■ Work required ■
With the pictures left out, reproduce exactly the lines running from the line with "2023’s Biggest AI" to the last line of the material below.

■ Exercise data ■
—————

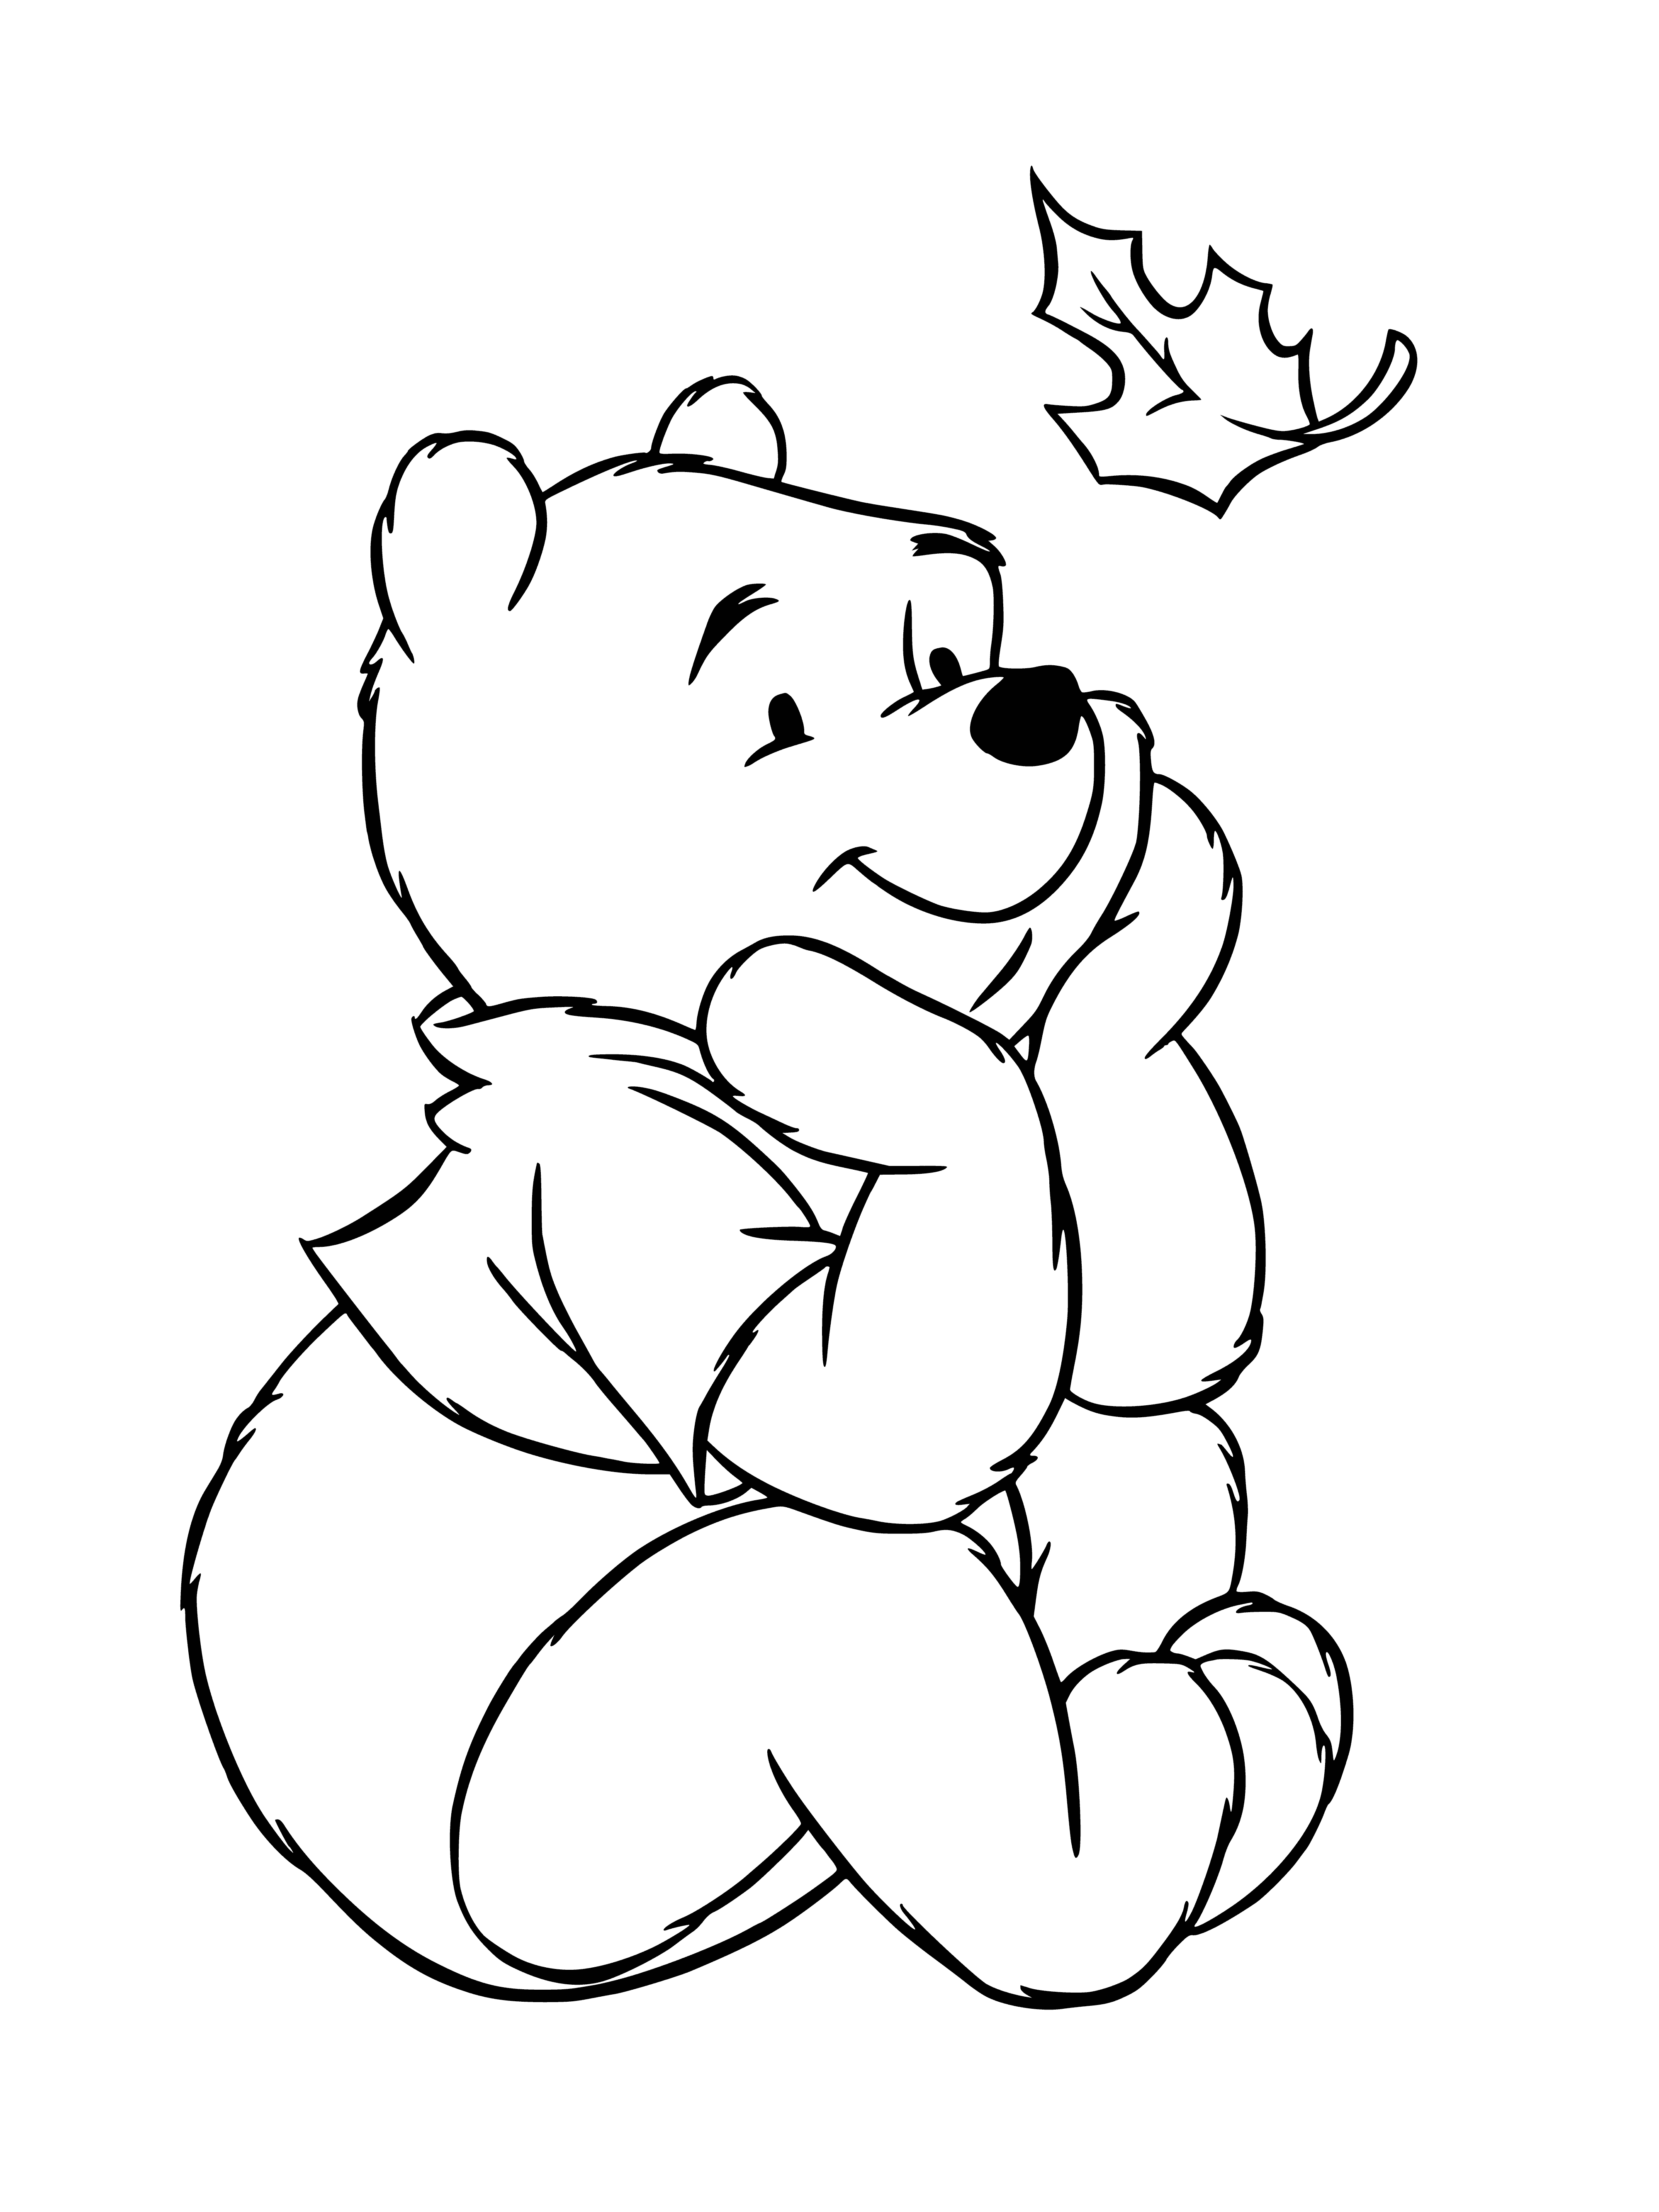 coloring page: Winnie the Pooh with an arm wrapped around a tree, smiling at a leaf in his other hand. #happydays
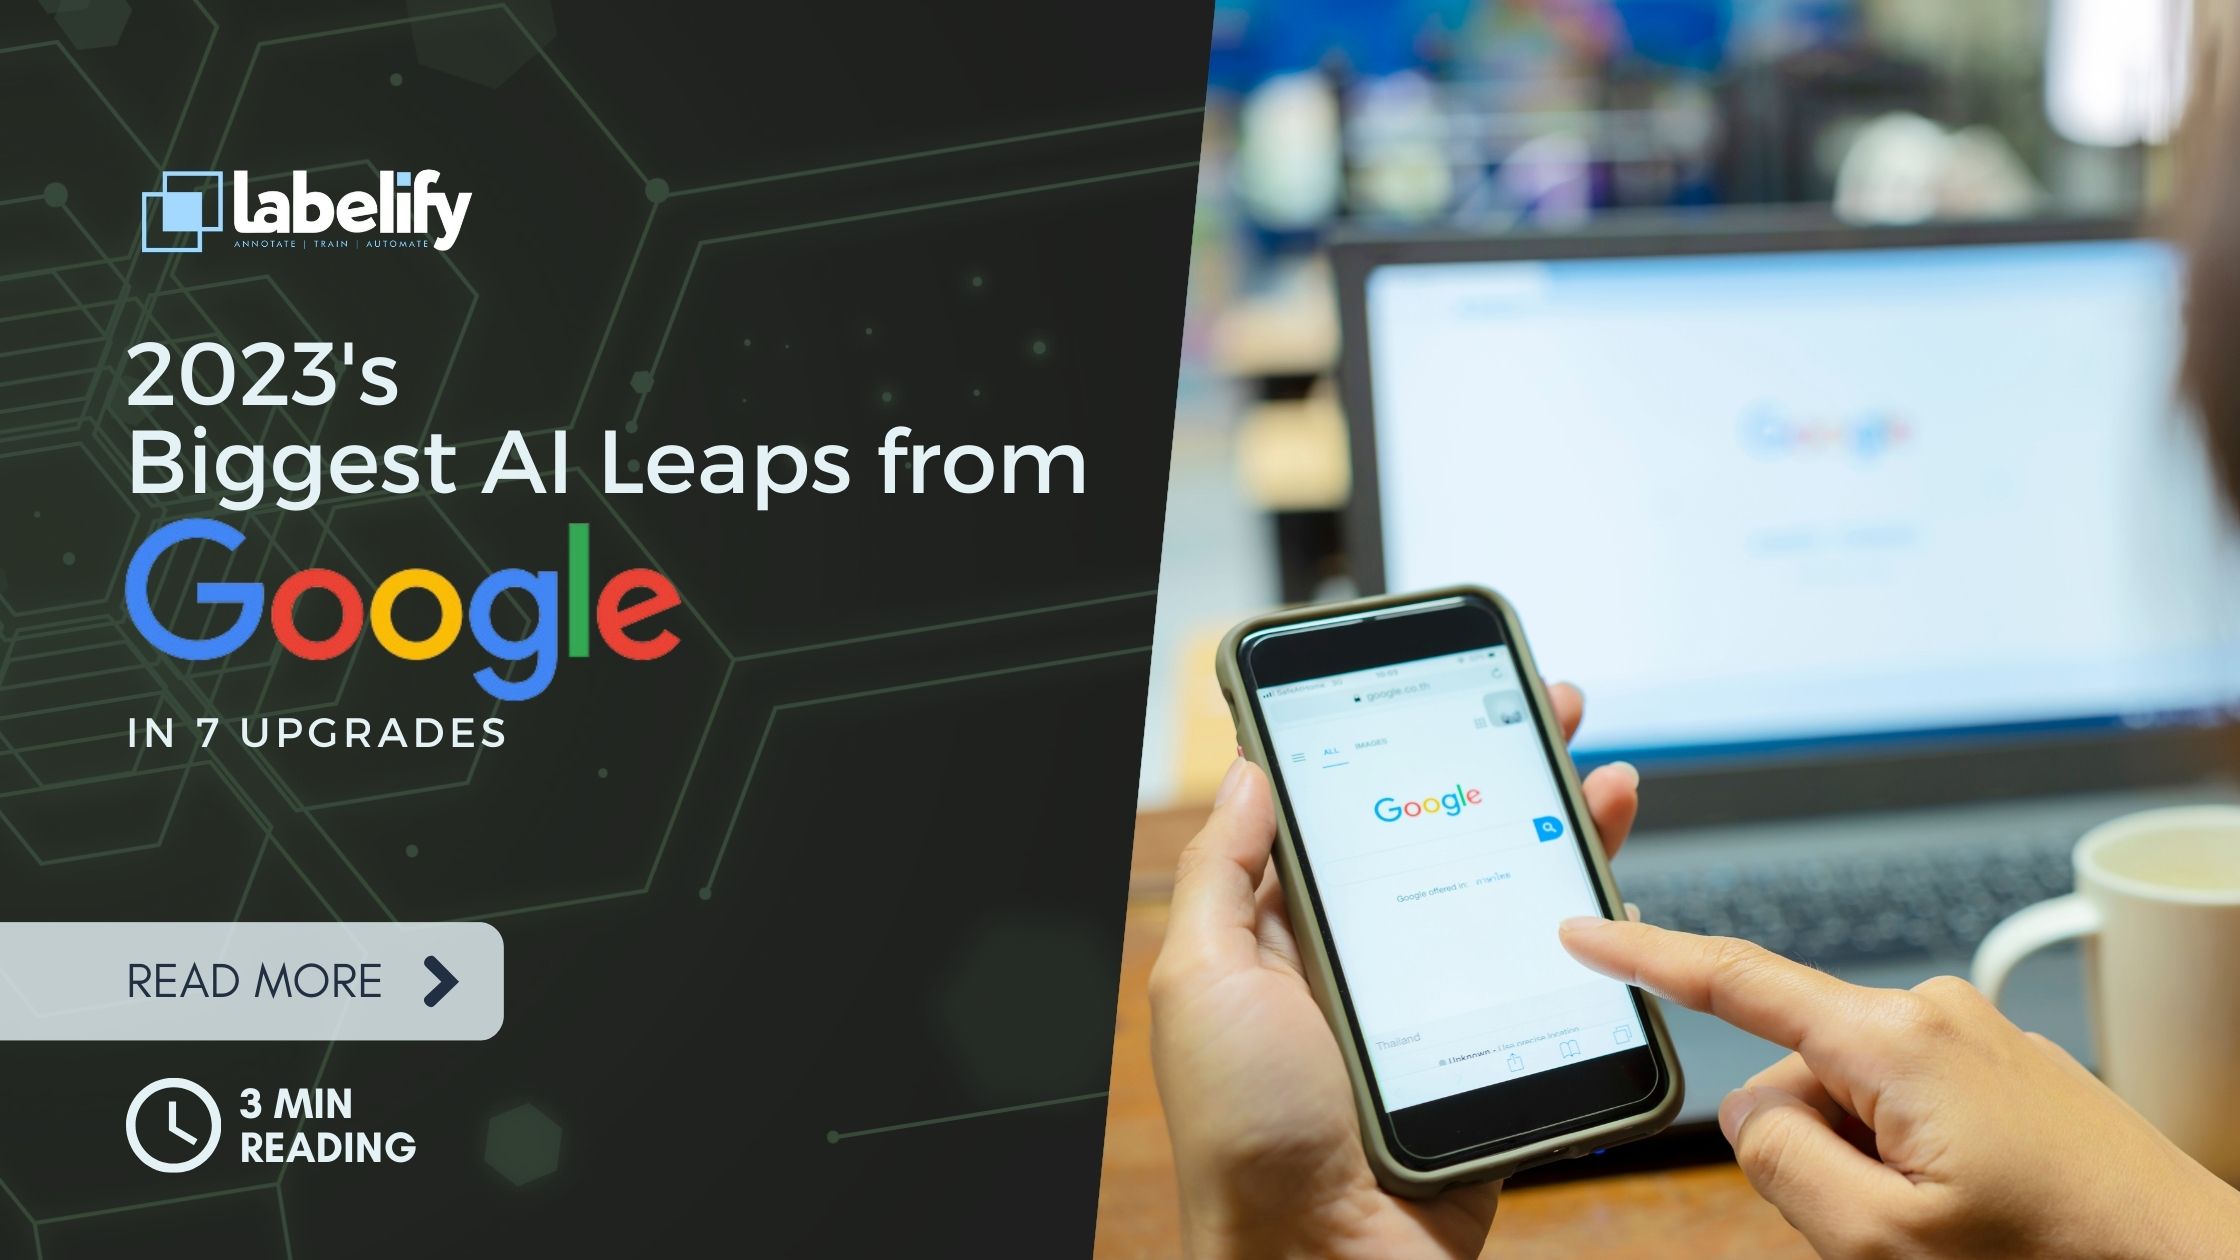 2023’s Biggest AI Leaps from Google in 7 Upgrades
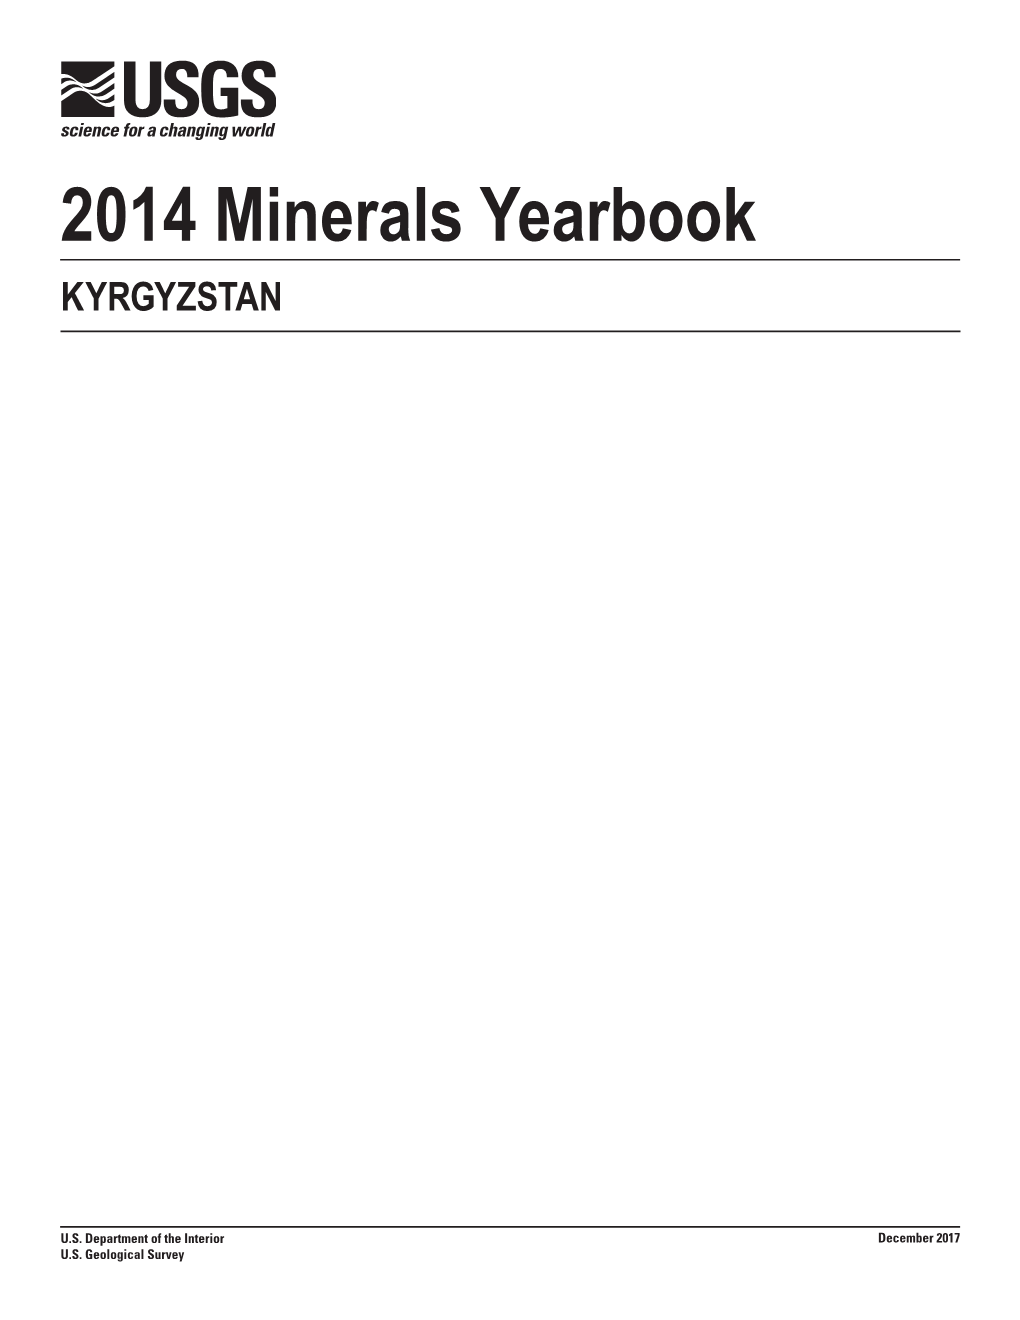 The Mineral Industry of Kyrgyzstan in 2014
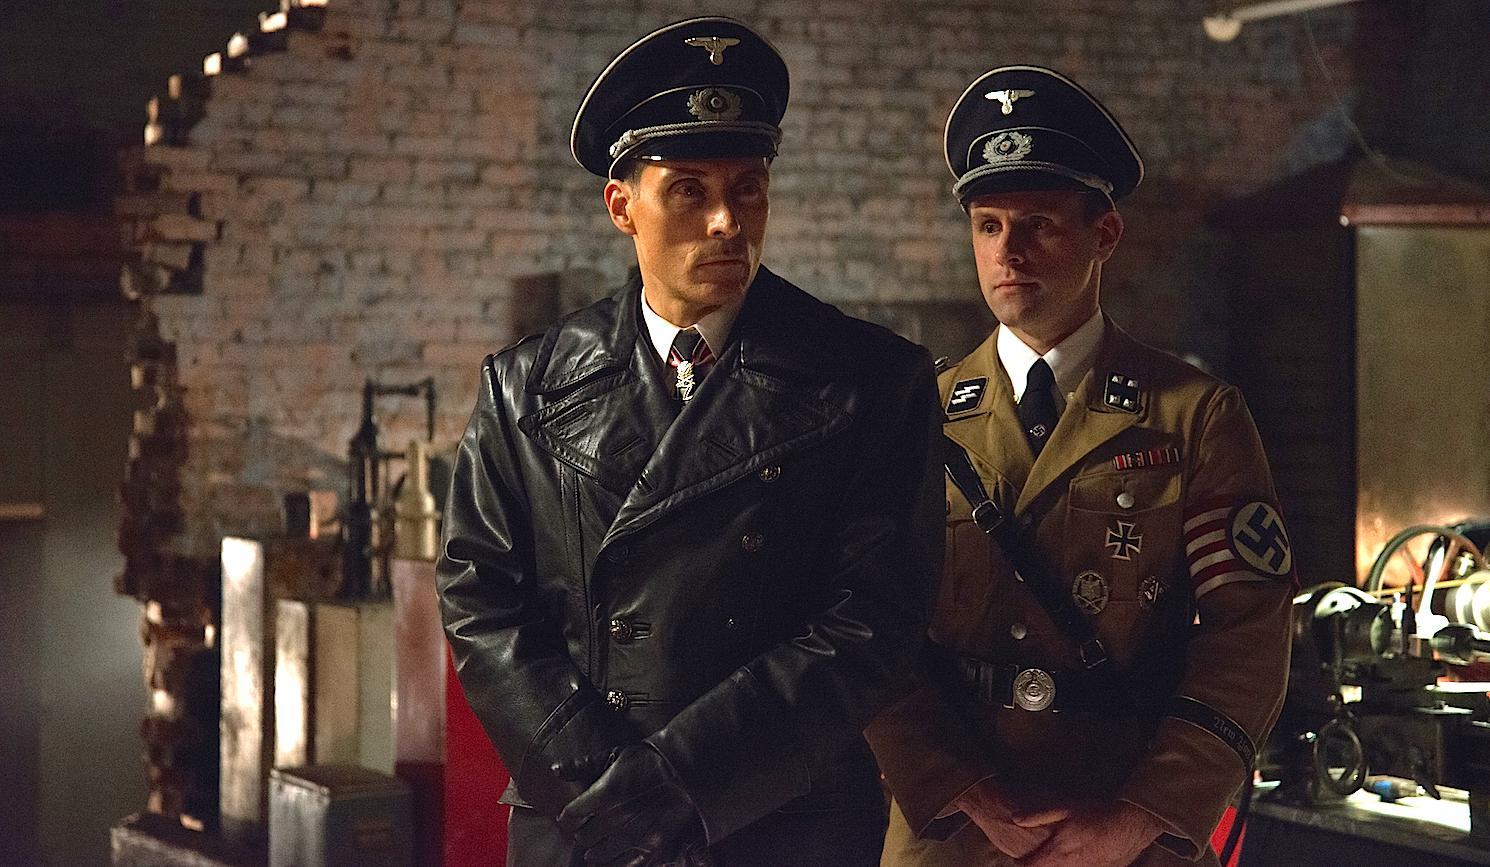 Amazon’s ‘Man in the High Castle’: Executive Producer Frank Spotnitz Discusses Nazi Occupation

—————

■ Reply to the exercise ■
 2023’s Biggest AI Leaps from Google in 7 Upgrades
 The Mineral Industry of Kyrgyzstan in 2014
 Amazon’s ‘Man in the High Castle’: Executive Producer Frank Spotnitz Discusses Nazi Occupation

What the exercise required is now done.